Hitesh Shah reassigned TEZ-348:
-------------------------------

    Assignee: Hitesh Shah
    
> Improve how completion events are fetched by the ShuffleHandler
> ---------------------------------------------------------------
>
>                 Key: TEZ-348
>                 URL: https://issues.apache.org/jira/browse/TEZ-348
>             Project: Apache Tez
>          Issue Type: Improvement
>            Reporter: Siddharth Seth
>            Assignee: Hitesh Shah
>
> The ShuffleHandler currently has a thread which checks for new completion events every second. This can add unnecessary delay to the reduce getting started.
> An async RPC implementation would work well to fix this. That, however, is currently not available in Hadoop.
> Options
> - Poll with a smaller interval. This can overload the AM if there's a large number of reduce tasks.
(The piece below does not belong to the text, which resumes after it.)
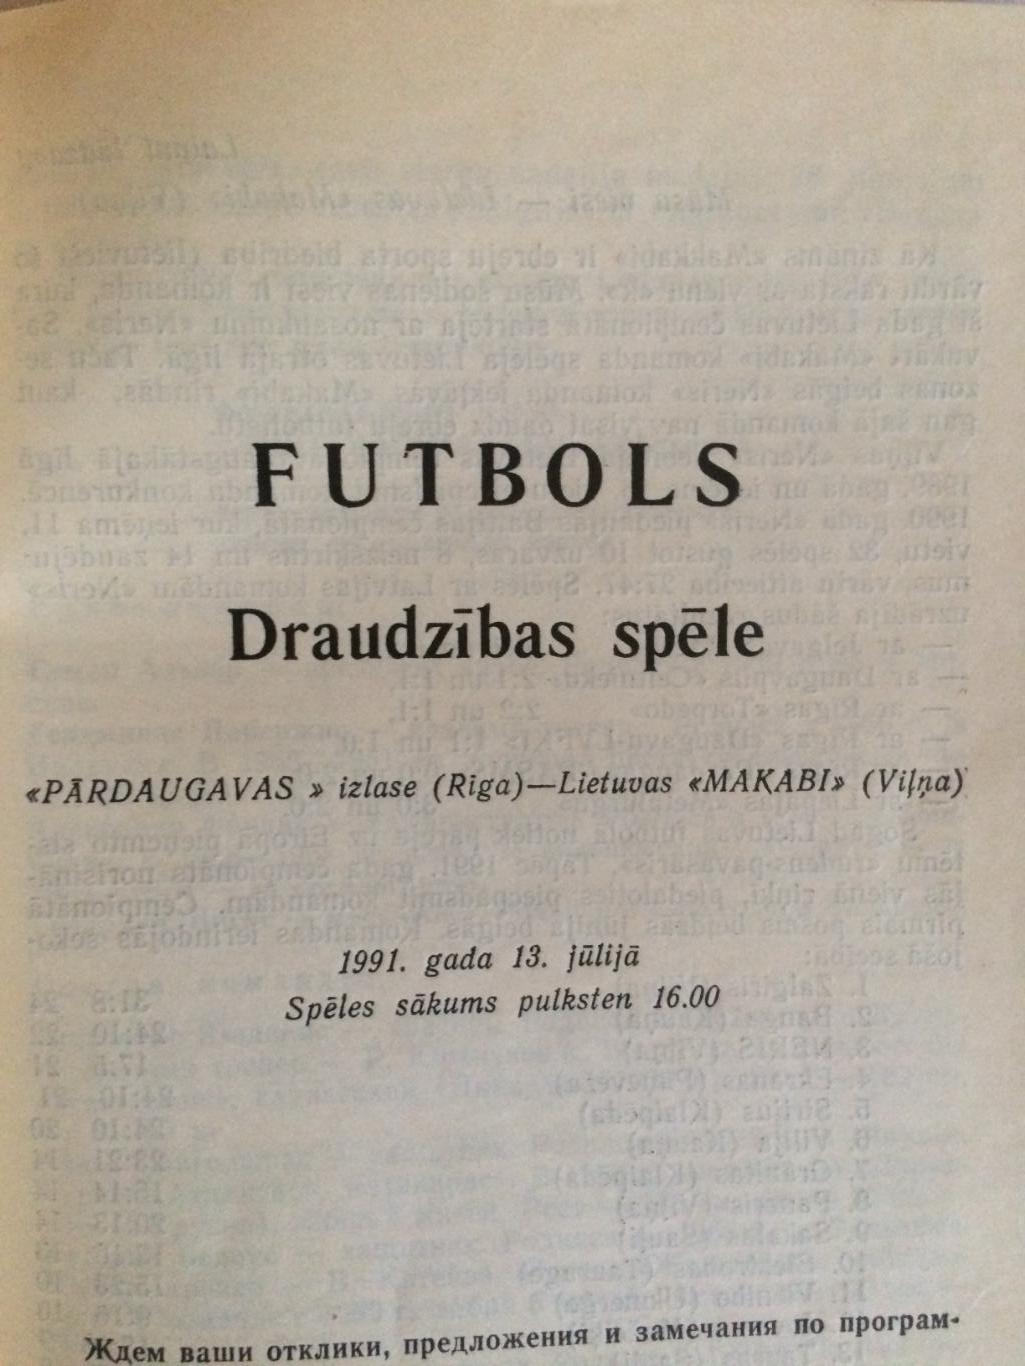 Пардаугава(Латвия) - Маккаби(Литва) 13.07.1991 Товарищеский матч 1

The poll interval could be set based on the # of tasks.
> - Have the AM push completion events to the Task. AM ends up creating way too many connections, and the child has to run an RPC server.
> - Rely on an external service like ZK with monitors.
> Thoughts / suggestions on how this can be improved ?

--
This message is automatically generated by JIRA.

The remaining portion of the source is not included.